What you should do
Pictures in the data should be dropped; transcribe exactly the lines from the one that has "Free Download Black" through the one that has "Nike Revolution 3".

Data shown
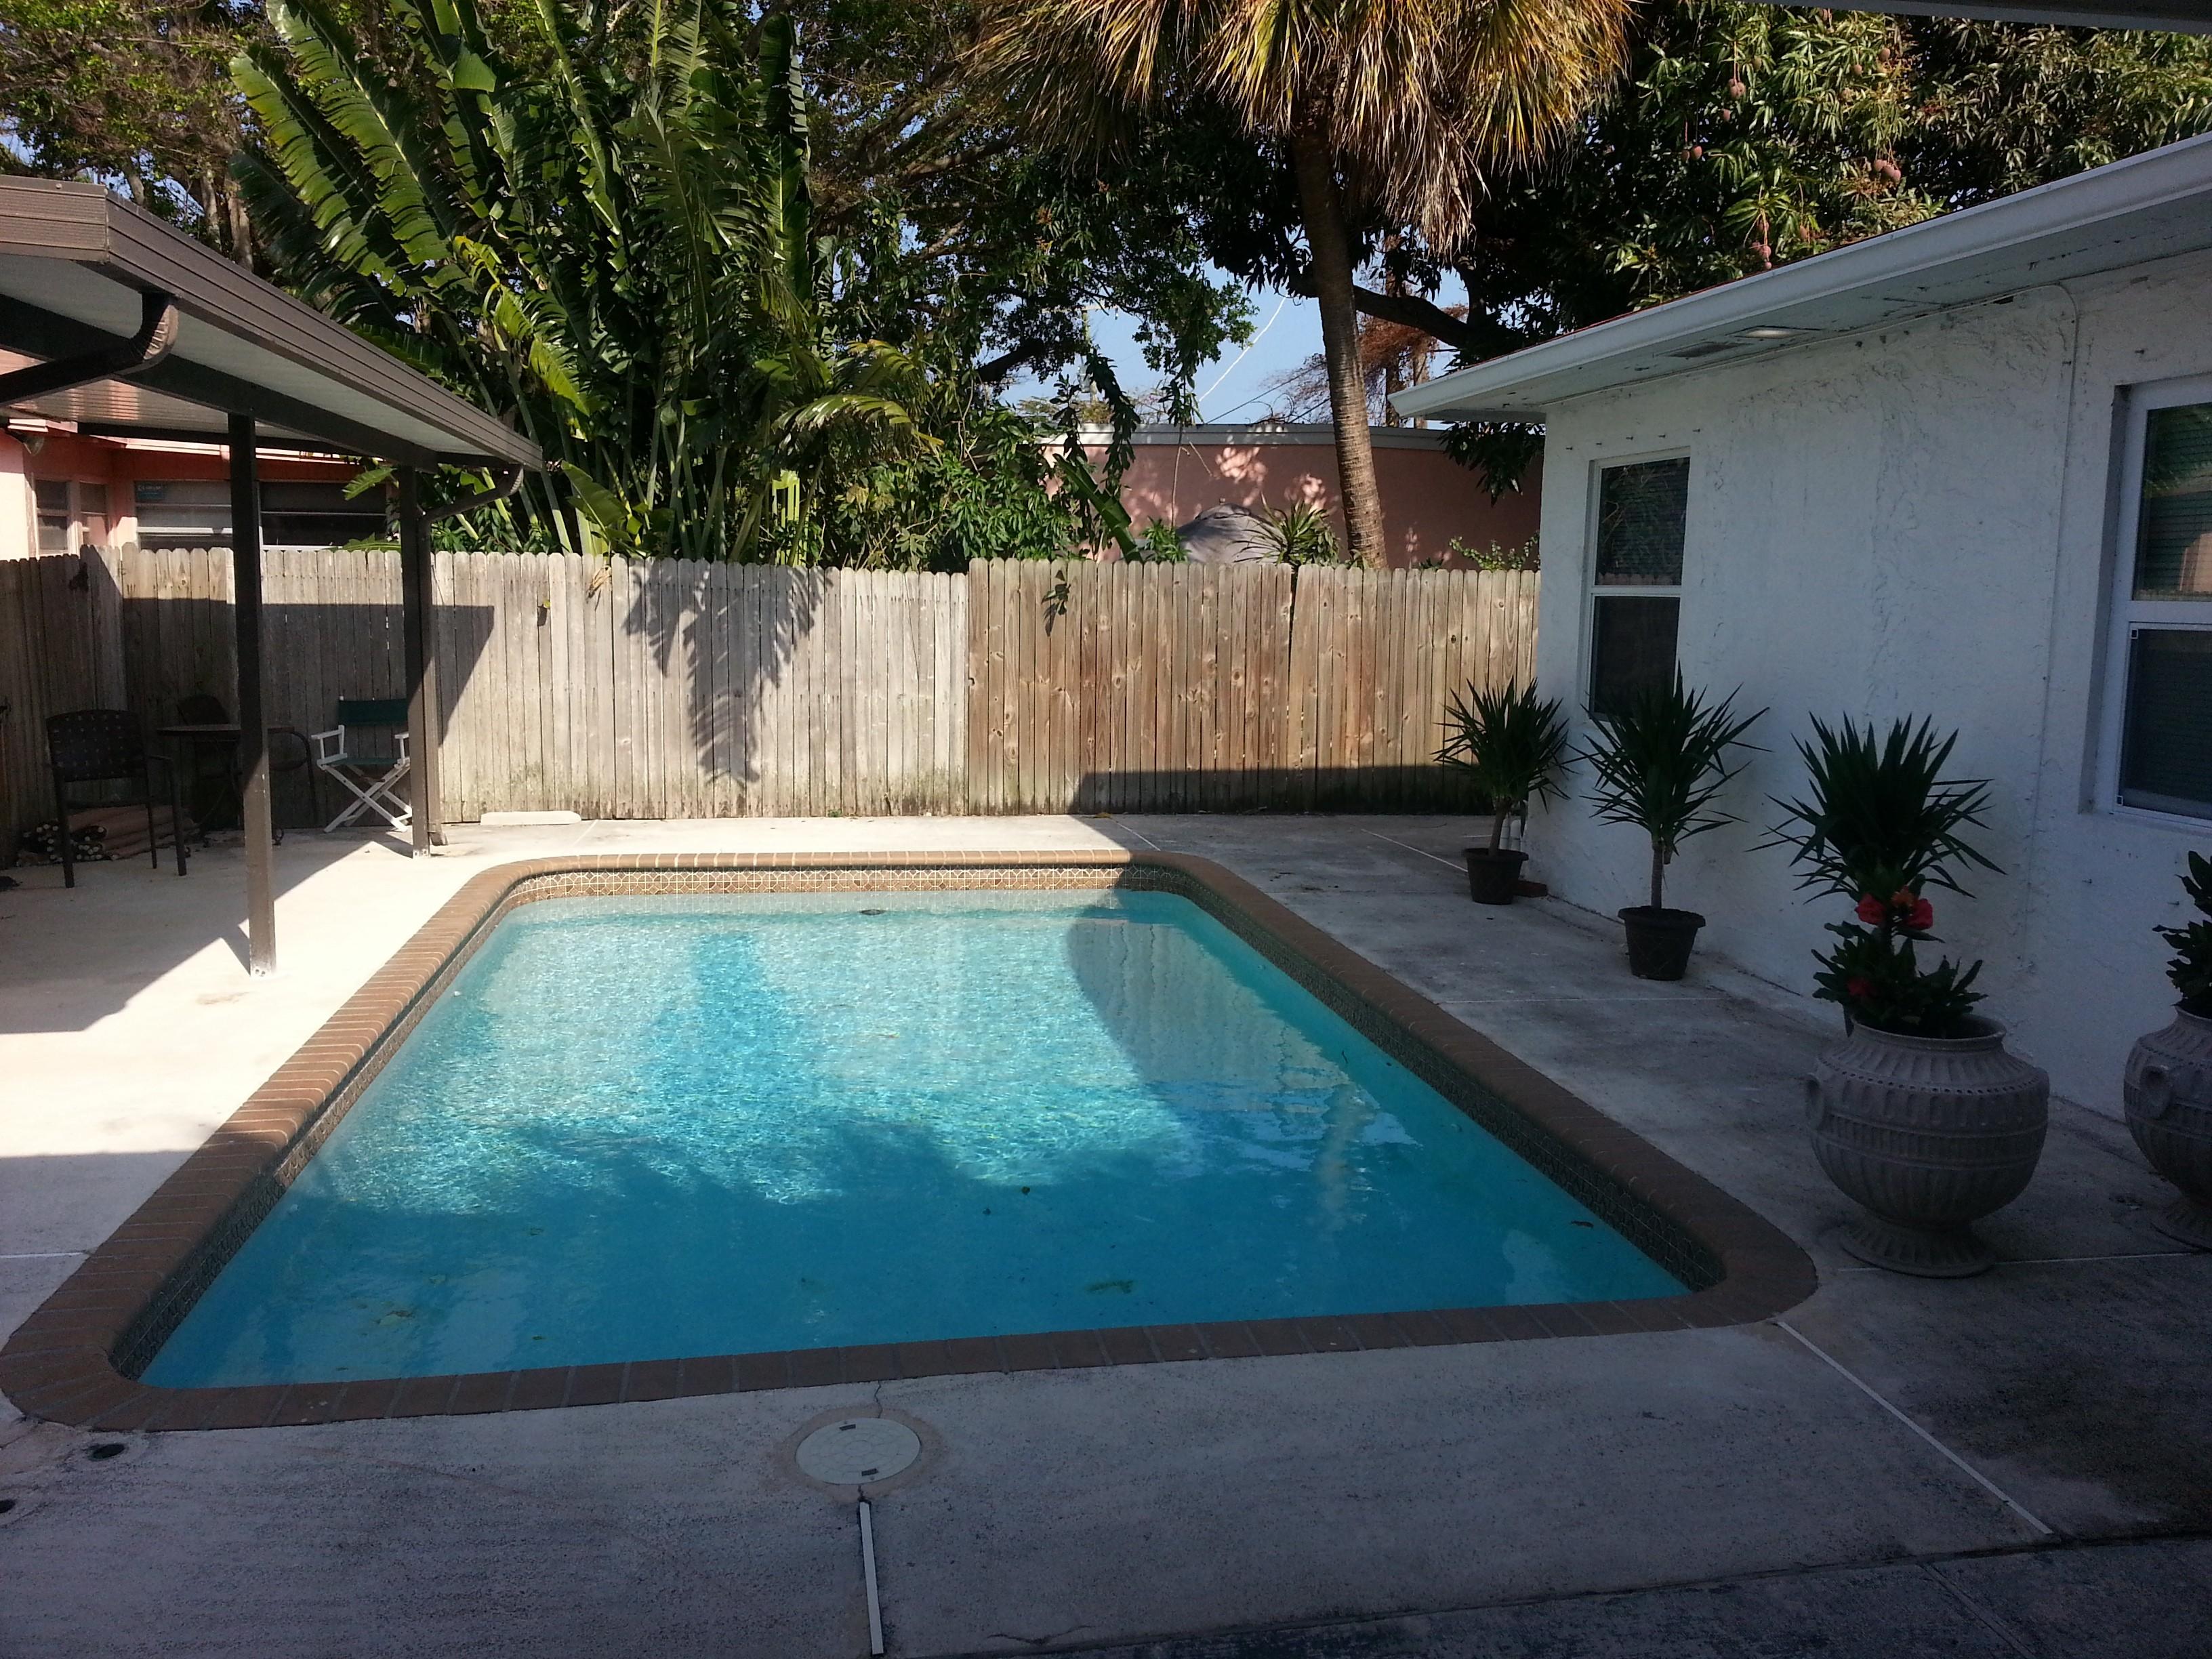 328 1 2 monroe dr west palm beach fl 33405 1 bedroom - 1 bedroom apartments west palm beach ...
* * *
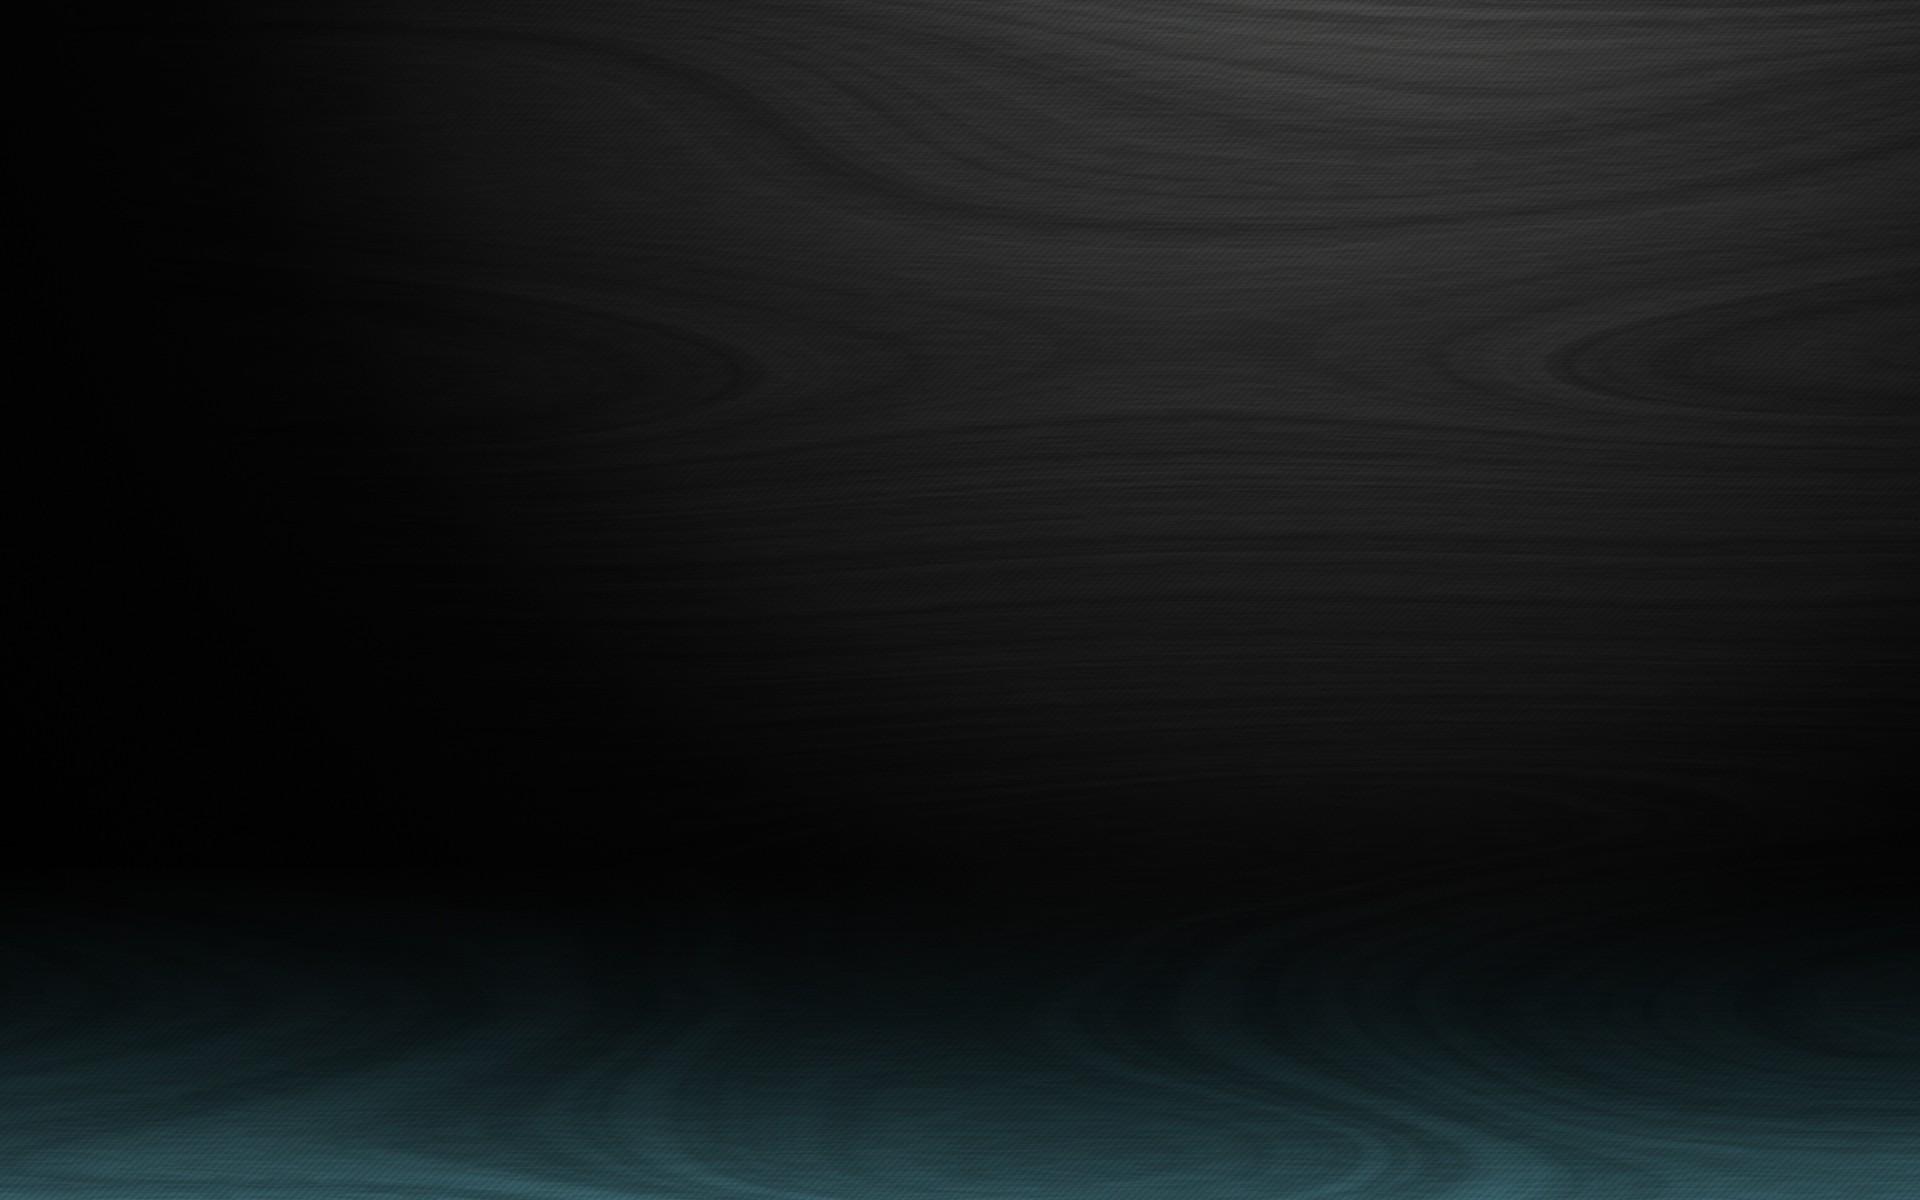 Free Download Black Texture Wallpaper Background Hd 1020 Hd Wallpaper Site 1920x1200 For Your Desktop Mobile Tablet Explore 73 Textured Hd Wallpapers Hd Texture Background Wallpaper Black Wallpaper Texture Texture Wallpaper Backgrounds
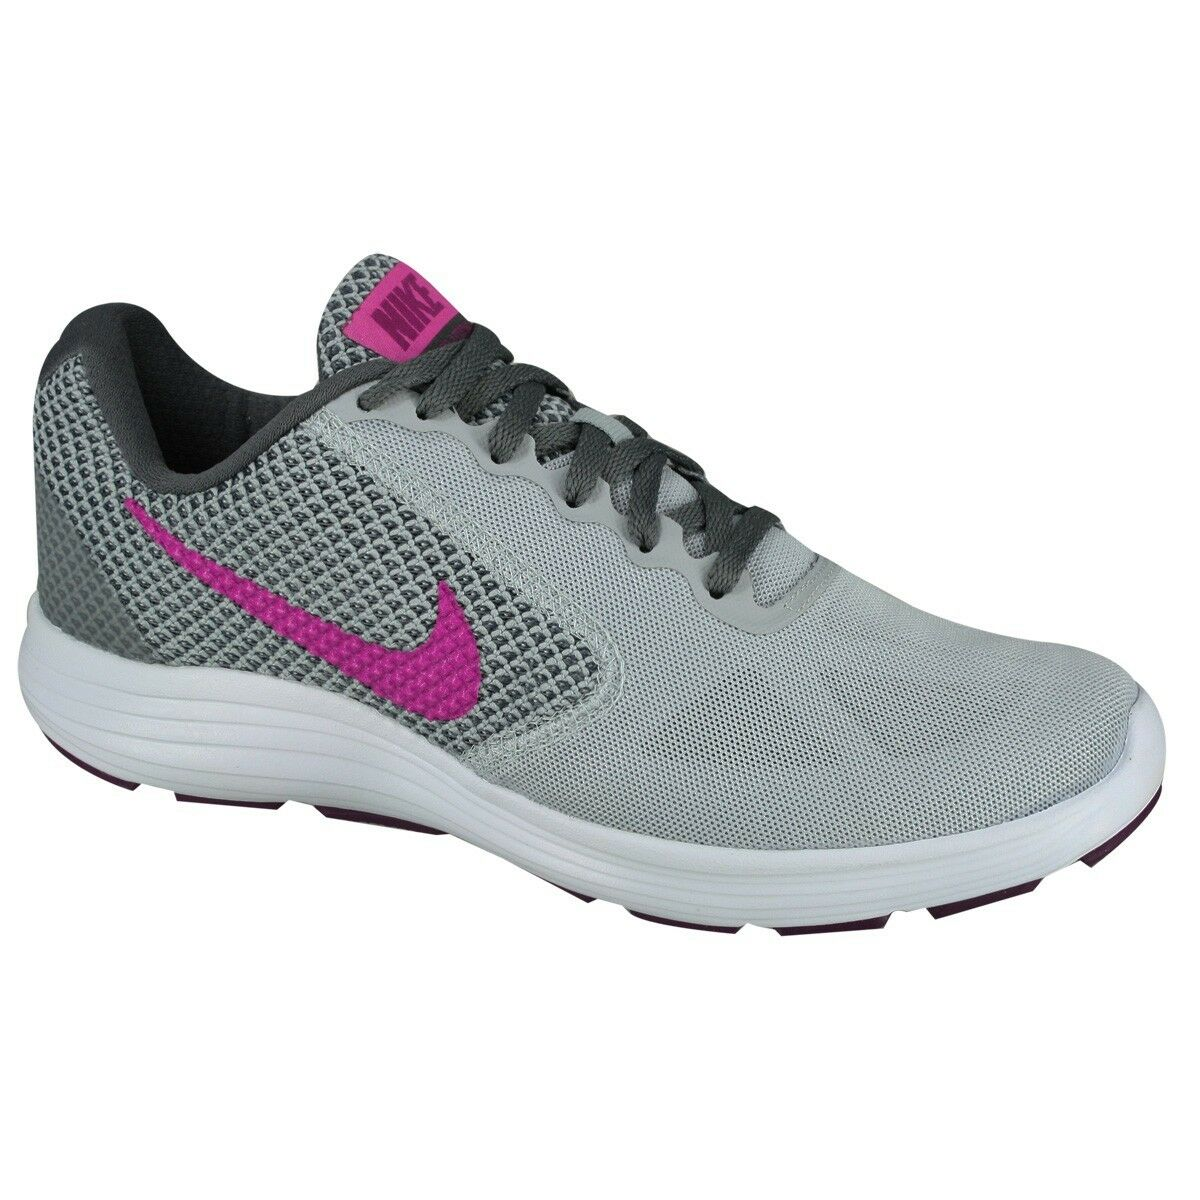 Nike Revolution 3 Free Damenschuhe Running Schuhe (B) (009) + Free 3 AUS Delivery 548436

Solution
 Free Download Black Texture Wallpaper Background Hd 1020 Hd Wallpaper Site 1920x1200 For Your Desktop Mobile Tablet Explore 73 Textured Hd Wallpapers Hd Texture Background Wallpaper Black Wallpaper Texture Texture Wallpaper Backgrounds
 Nike Revolution 3 Free Damenschuhe Running Schuhe (B) (009) + Free 3 AUS Delivery 548436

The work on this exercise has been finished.